In this appetizer to the Chicago couple’s forthcoming South Beach wine bar, Enoteca Spiaggia, each of ten chapters focuses on a traditional pairing of libations and small plates found in a particular European city—Venetian Bellinis and cicchetti, for example, or the pinchos and sherries of Seville. It’s more accessible to the average home cook than 2004’s lavish Spiaggia Cookbook, with sections on cheese, cured meats, and how to source quality prepackaged ingredients.
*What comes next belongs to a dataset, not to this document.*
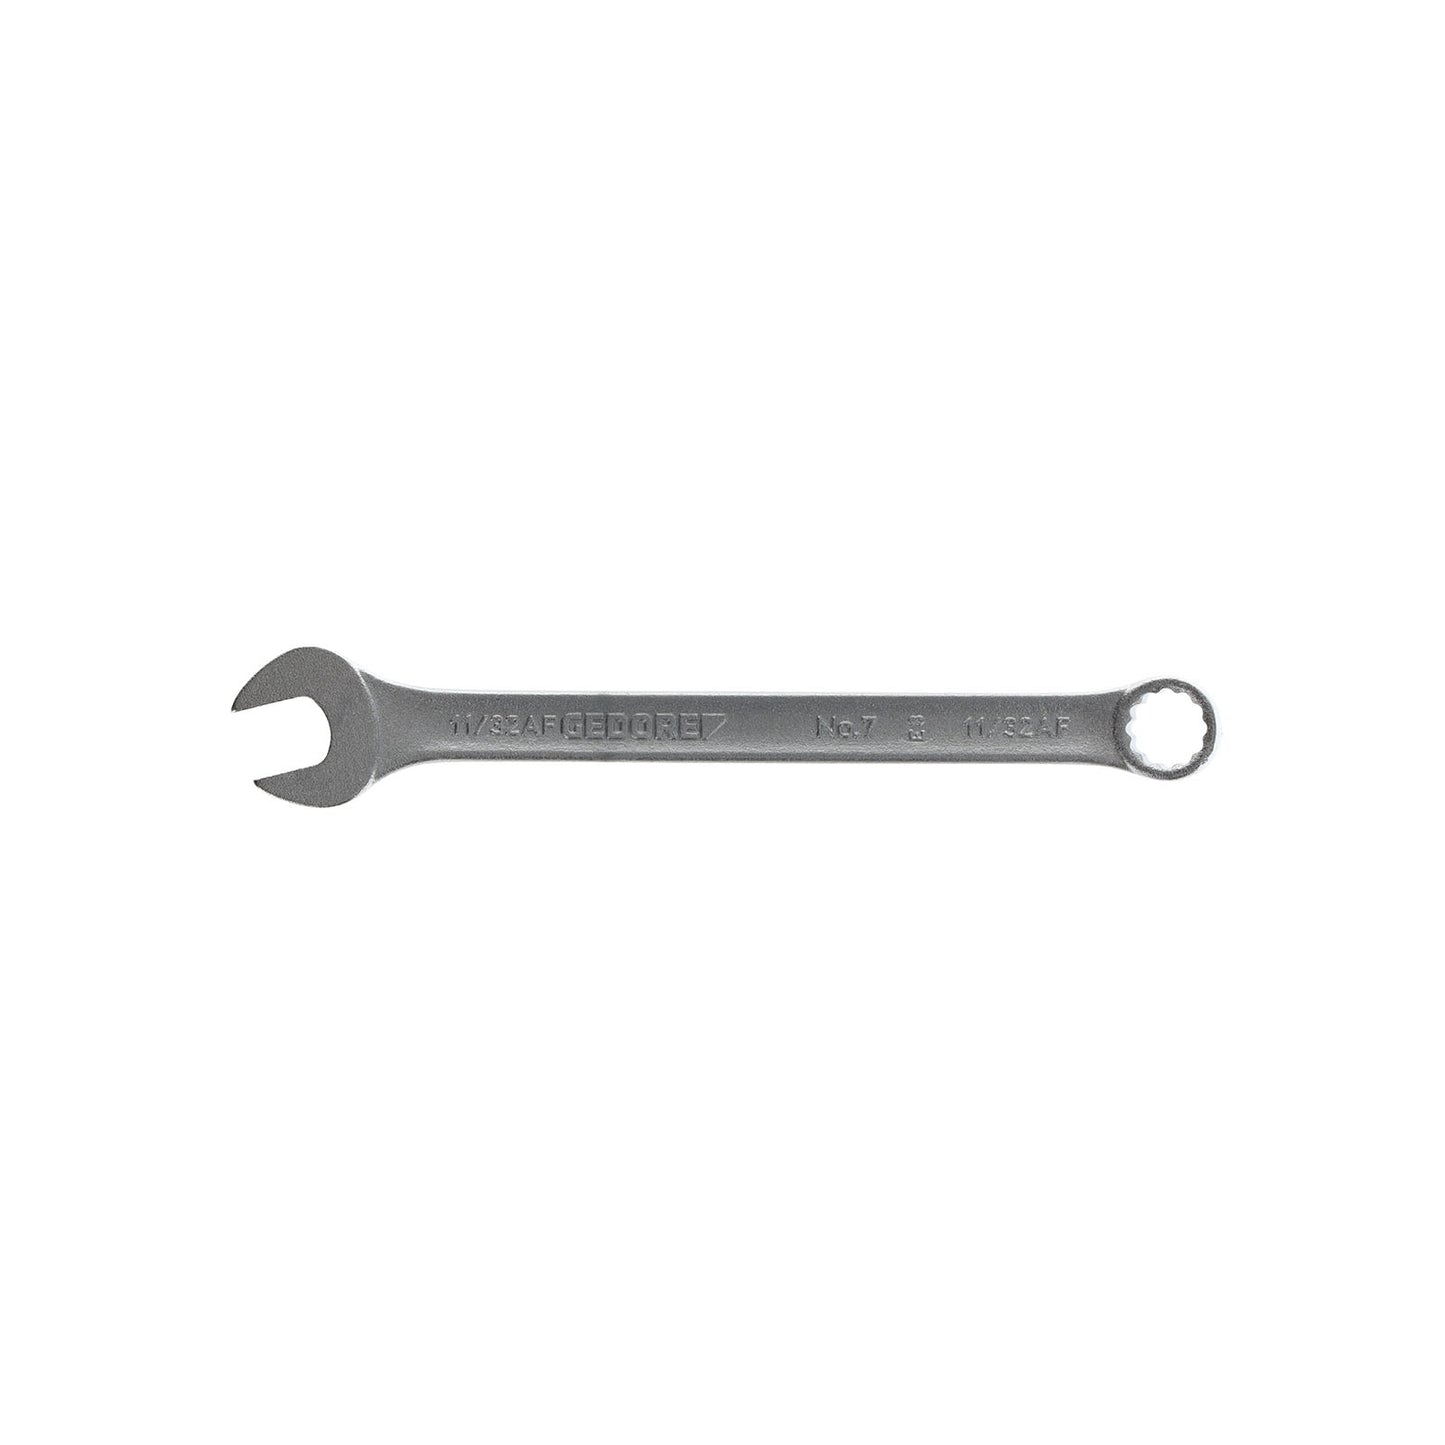 GEDORE 7 11/32AF - Combination Wrench, 11/32AF (6098970)

Simple but not strictly traditional recipes for things like Sicilian arancini (stuffed deep-fried rice balls), Florentine tripe, or Portuguese cataplana (a seafood stew) are punctuated by a few extravagances, like Barolo risotto.

TERRINE

Until now the story behind Fuschia Dunlop’s remarkable regional Chinese cookbooks, Land of Plenty (Sichuan) and The Revolutionary Chinese Cookbook (Hunan), remained in the background. But this memoir tells the tale of how the British Sinophile went from working a stultifying gig as a socioeconomic analyst to being a passionate student and interpreter of Sichuan cooking—in fact, she was the only foreign student in the provincial capital’s culinary academy during the last gasps of Maoist seclusion. Her gradual seduction by what she calls “the spice girl among Chinese cuisines, bold and lipsticked, with a witty tongue and a thousand lively moods,” provides terrific cultural context for both of her previous works.